Кадр из фильма И ничего больше
Не у меня, не у тебя — у них Вся сила окончаний родовых… Нет имени у них. Войди в их хрящ — И будешь ты наследником их княжеств.
И для людей, для их сердец живых,
Блуждая в их извилинах, развивах,
Изобразишь и наслажденья их,
И то, что мучит их, — в приливах и отливах.
Этот текст Мандельштама, кажется, объясняет не только интеллигентскую, разночинскую на первый взгляд позицию Сокурова — поехать к солдатикам, такая вечная вина интеллигенции перед народом. Здесь замысел серьезнее: говорить от имени народа, быть народным художником, быть тогда и там со своим народом, где он, народ, к несчастью, оказывается. Как Блок — медбратом, Константин Леонтьев — военным хирургом, Пастернак — дежурным на крыше дома во время бомбежки.
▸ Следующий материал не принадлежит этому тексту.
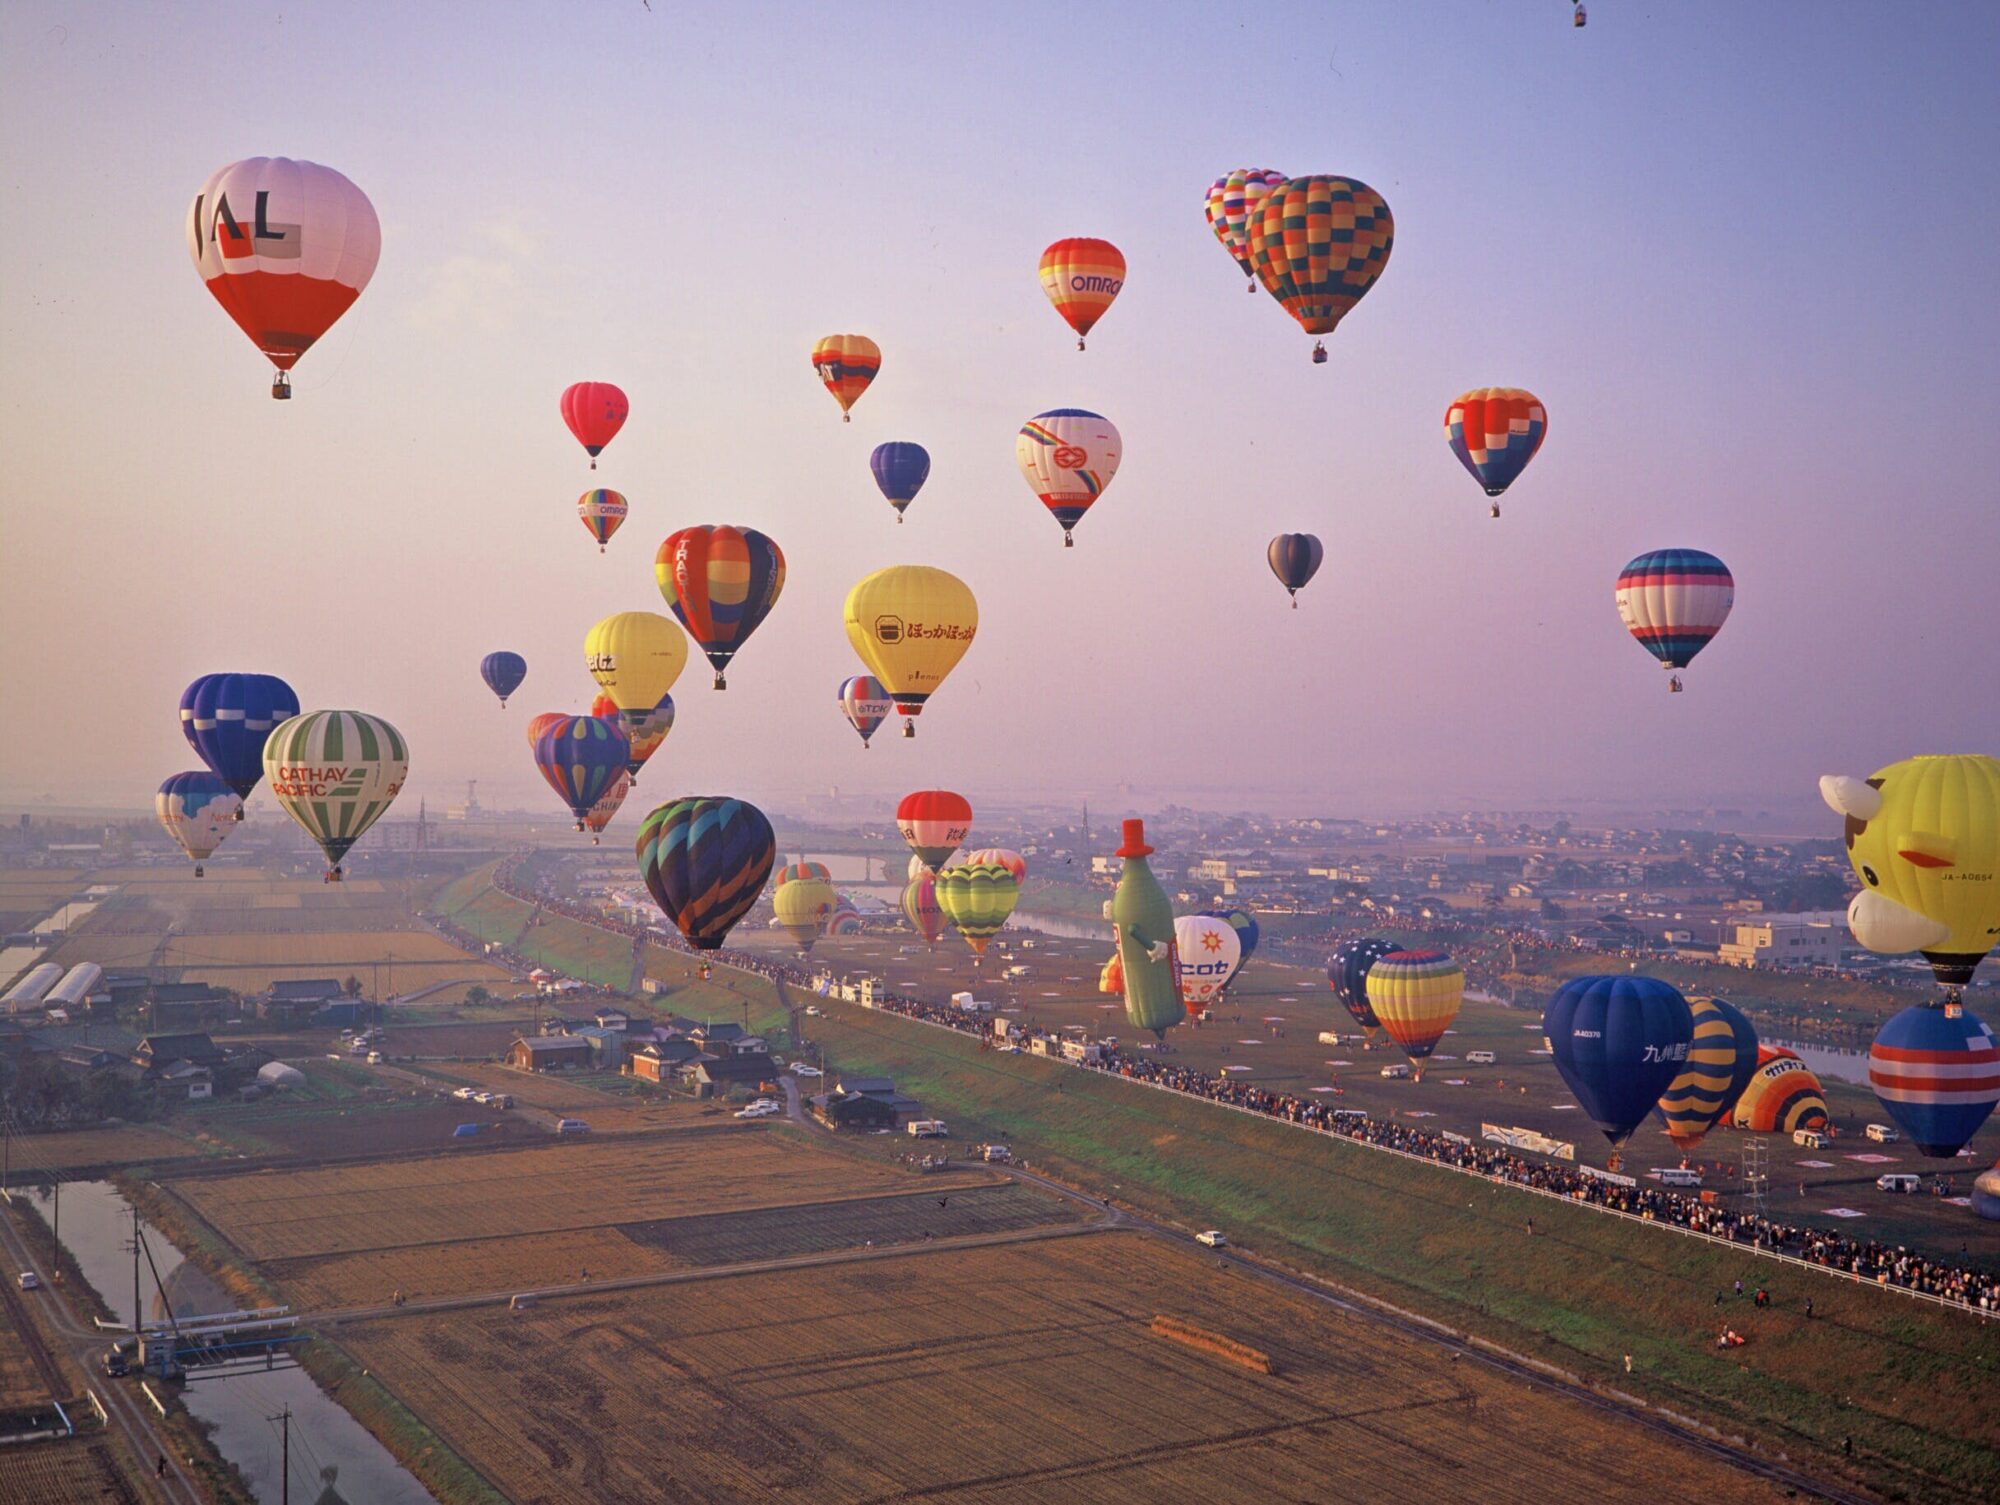 A colourful ballooning spectacle

Для понимания того, как работает армейская дилогия, крайне важно то, что она сделана на видео. Это сообщает ей свойства крайней приближенности к зрителю, крайней какой-то интимности, тактильности, почти домашнего дневника, рутинных записок, то ли Сэй-Сенагон, то ли мальчиков из кинотеатра.док, такое у автора этих строк дежа вю наоборот (видели ли мальчики кинотеатра.док эти фильмы? хорошо бы спросить, записываю с интонациями Сокурова).
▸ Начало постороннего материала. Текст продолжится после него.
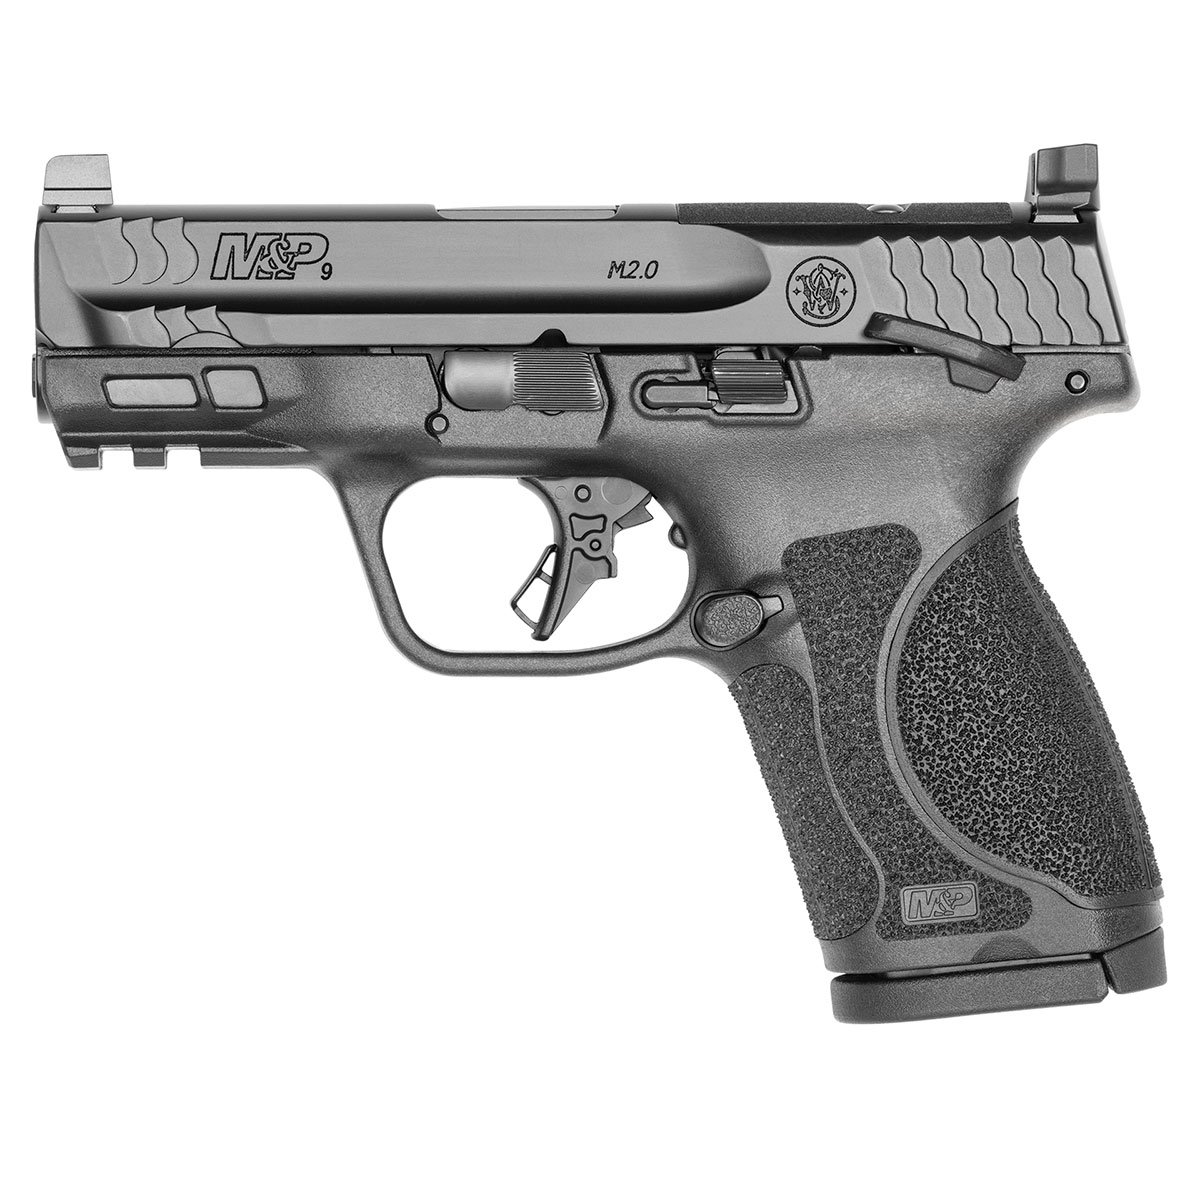 SMITH & WESSON - M&P 9 M2.0 COMPACT OPTIC READY 9MM LUGER HANDGUN

Русские художники (за исключением некоторых зон contemporary art) редко используют инструменты documentаry (а если и используют, то им кажется, что это советский документализм). Здесь, внутри обоих фильмов Сокурова, видно, как возникает, продумывается не только идейный корпус будущей кинотрилогии о власти и насилии, о трех тиранах ХХ века, но и сам стиль трилогии. В строгом смысле армейская дилогия Сокурова — не документальное кино, а документация. С одной стороны, это — домашнее видео для членов экипажа (заставы) и их семей, с другой — доклад по начальству (горнему или мирскому), как обстоят дела в России в военной сфере. Будто ангел у Сокурова в голове (Архангел Михаил?) решил, что пора начальству посмотреть самому. Реакция начальства запаздывает или будет непредсказуемой. Сокуров работает здесь в прямой ипостаси историка: архивист. (Но он не только Пимен, а и протопоп Аввакум.)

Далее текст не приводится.